Revision as of 21:26, 8 August 2011

Problem 9

In the figure, $ABCD$ is a $2 \times 2$ square, $E$ is the midpoint of $\overline{AD}$, and $F$ is on $\overline{BE}$. If $\overline{CF}$ is perpendicular to $\overline{BE}$, then the area of quadrilateral $CDEF$ is

[asy] defaultpen(linewidth(.8pt)); dotfactor=4; pair A = (0,2); pair B = origin; pair C = (2,0); pair D = (2,2); pair E = midpoint(A--D); pair F = foot(C,B,E); dot(A);dot(B);dot(C);dot(D);dot(E);dot(F); label("$A$",A,N);label("$B$",B,S);label("$C$",C,S);label("$D$",D,N);label("$E$",E,N);label("$F$",F,NW); draw(A--B--C--D--cycle); draw(B--E); draw(C--F); draw(rightanglemark(B,F,C,4));[/asy]

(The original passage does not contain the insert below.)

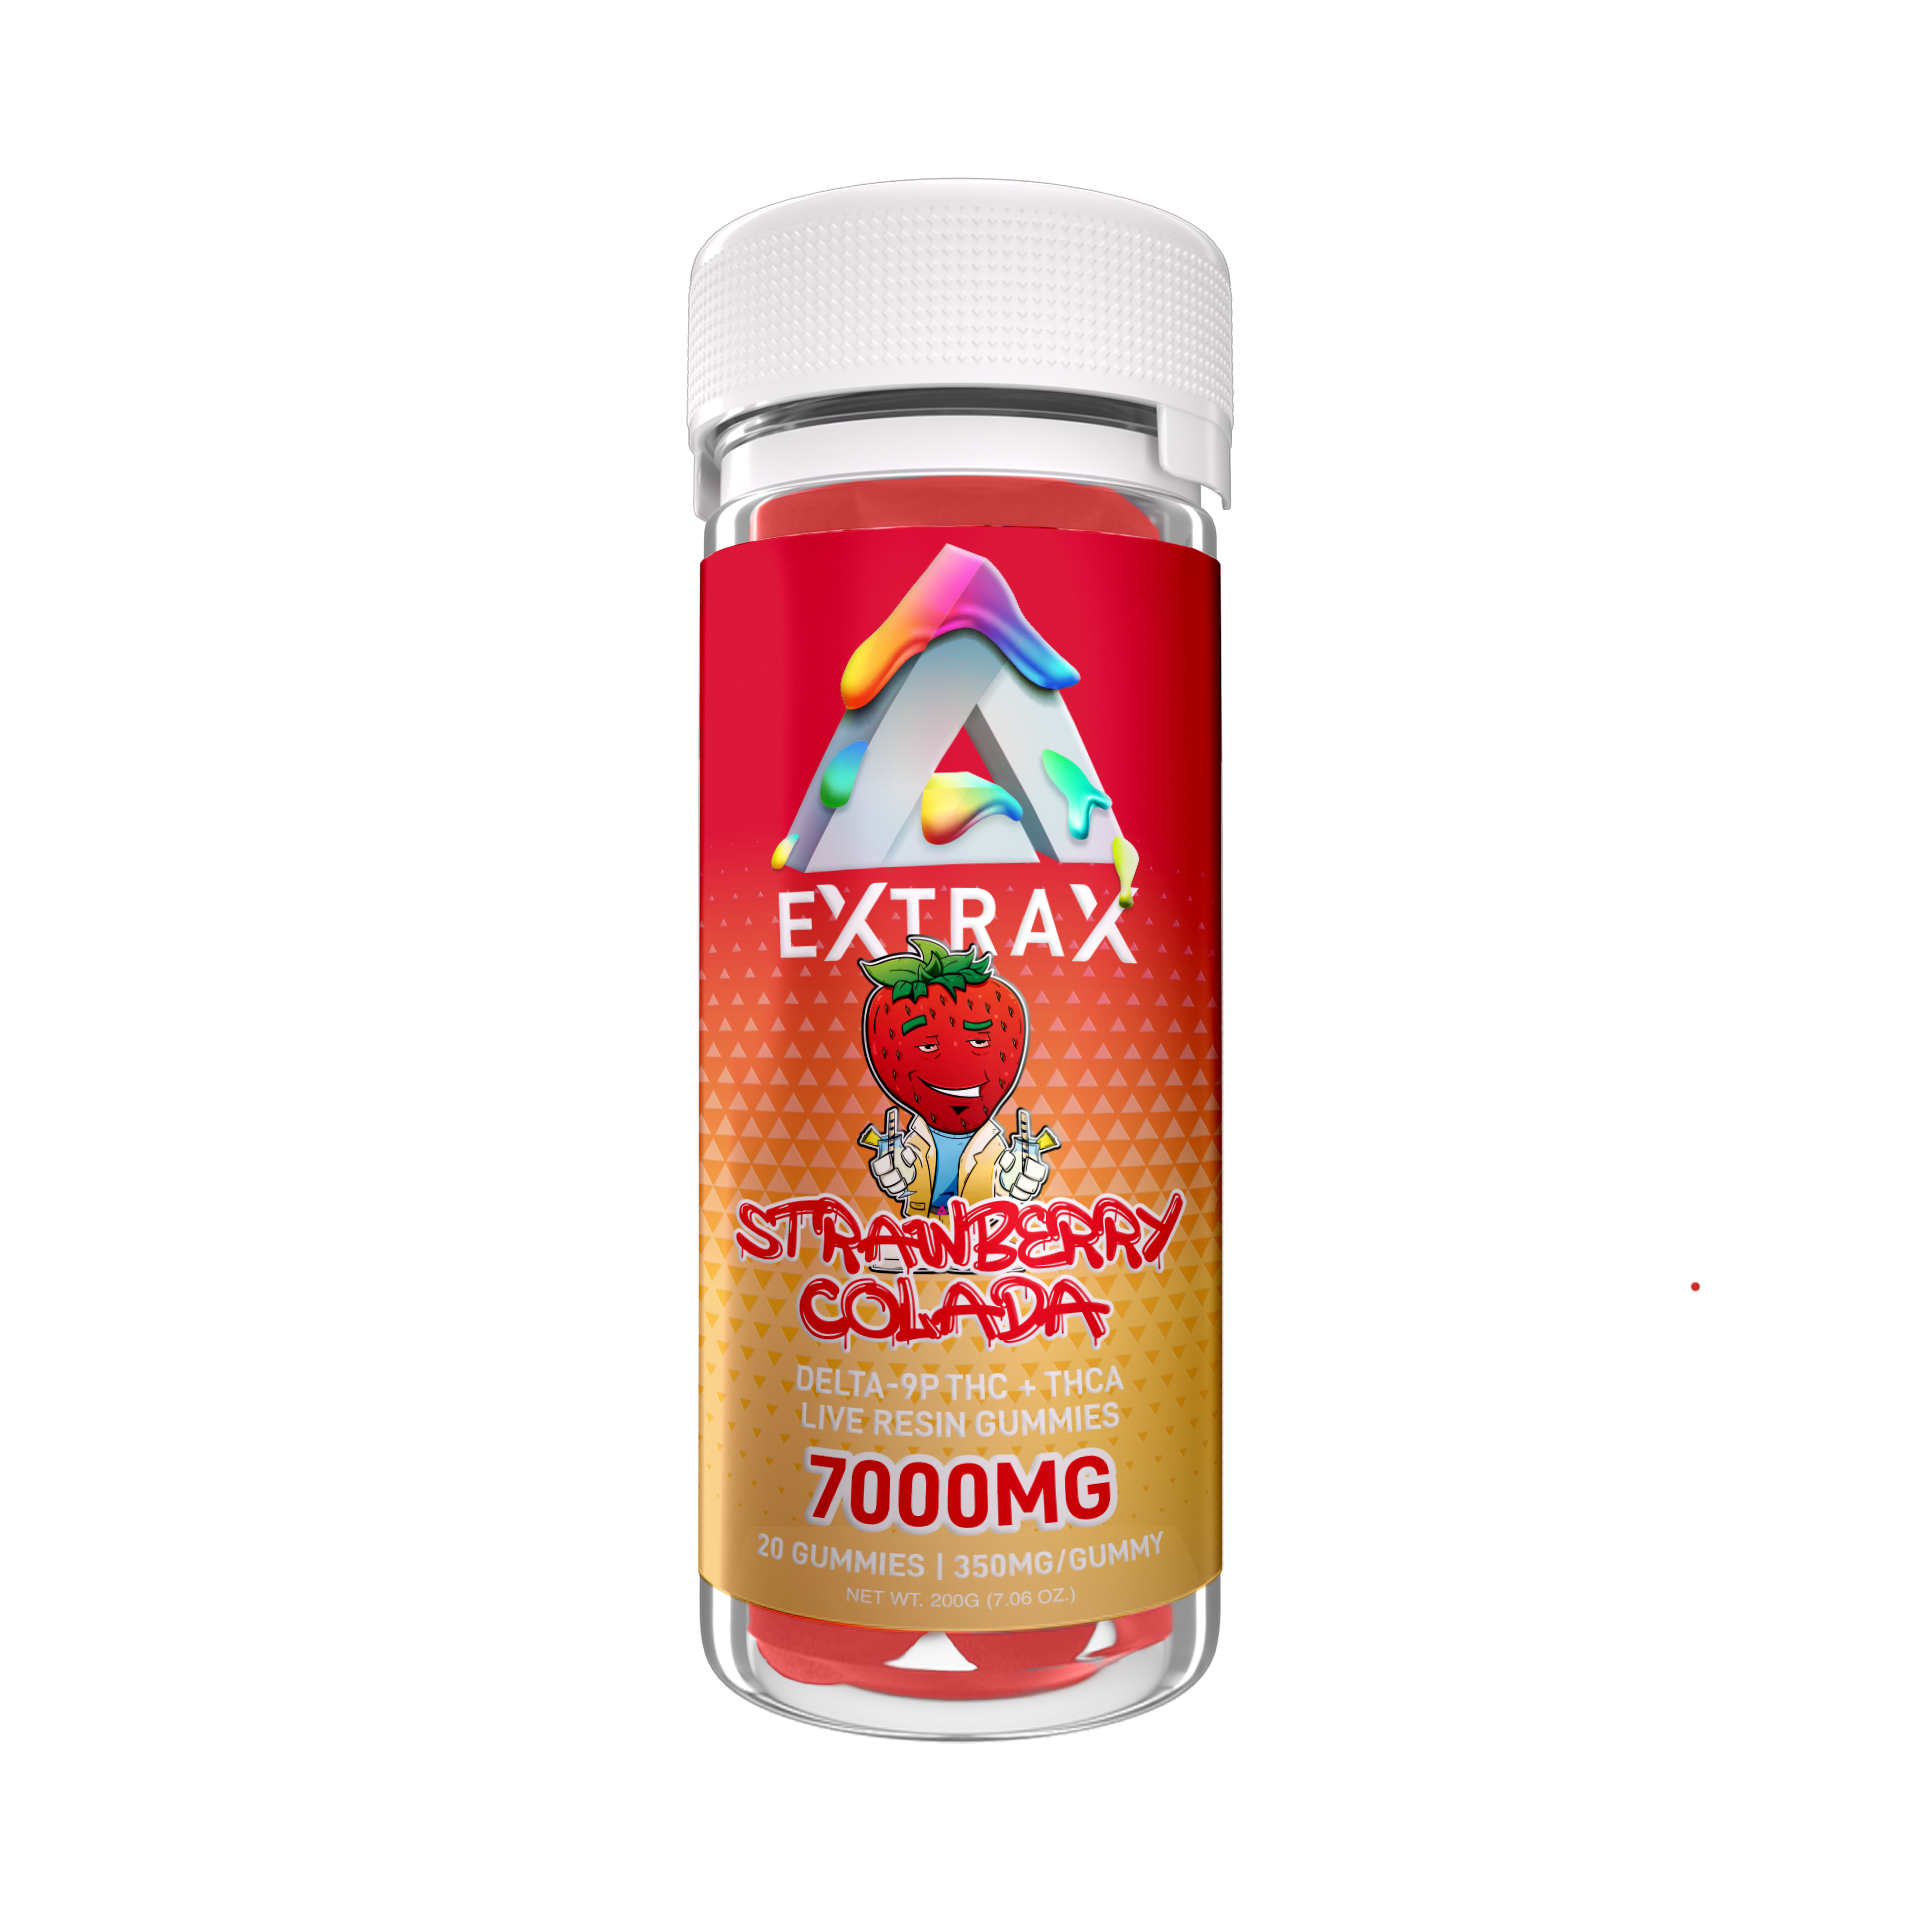 Delta Extrax Strawberry Colada | Gummies THCa 7000mg | Adios Blend Best Price

$\textbf{(A)}\ 2\qquad\textbf{(B)}\ 3-\frac{\sqrt{3}}{2}\qquad\textbf{(C)}\ \frac{11}{5}\qquad\textbf{(D)}\ \sqrt{5}\qquad\textbf{(E)}\ \frac{9}{4}$

Solution 1

Since $\angle EBA = \angle FCB$ and $\angle FBC = \angle AEB$, we have $\triangle ABE \sim \triangle FCB$.

$\frac{AB}{FC} = \frac{BE}{CB} = \frac{EA}{BF}$

$\frac{2}{FC} = \frac{\sqrt{5}}{2} = \frac{1}{BF}$

From those two equations, we find that $CF = \frac{4}{\sqrt{5}}$ and $BF = \frac{2}{\sqrt{5}}$

Now that we have $BF$ and $CF$, we can find the area of the bottom triangle $\triangle CFB$: $\frac{1}{2}\cdot \frac{4}{\sqrt{5}} \cdot \frac{2}{\sqrt{5}} = \frac{4}{5}$

The area of left triangle $\triangle BEA$ is $\frac{1}{2}\cdot 2 \cdot 1 = 1$

The area of the square is $4$.

Thus, the area of the remaining quadrilateral is $4 - 1 - \frac{4}{5} = \frac{11}{5}$, and the answer is $\boxed{C}$

Solution 2

Place the square on a coordinate grid so that $B(0,0)$ and $D(2,2)$. Line $BE$ is $y = 2x$. Line $CF$ goes through $(2,0)$ and has slope $-\frac{1}{2}$, so it must be $y = 1 -\frac{x}{2}$

The intersection of the two lines is $F$, and $F$ thus has coordinates $(\frac{2}{5}, \frac{4}{5})$. The altitude from $F$ to $BC$ thus has length $\frac{4}{5}$, so the area of the triangle $BCF$ is $\frac{1}{2}\cdot 2\cdot \frac{4}{5} = \frac{4}{5}$.

The other triangle has area $1$, and the whole square has area $4$. As above, we find the area of the quadrilateral by subtracting the two triangles, and we get $\frac{11}{5}$, which is $\boxed{C}$.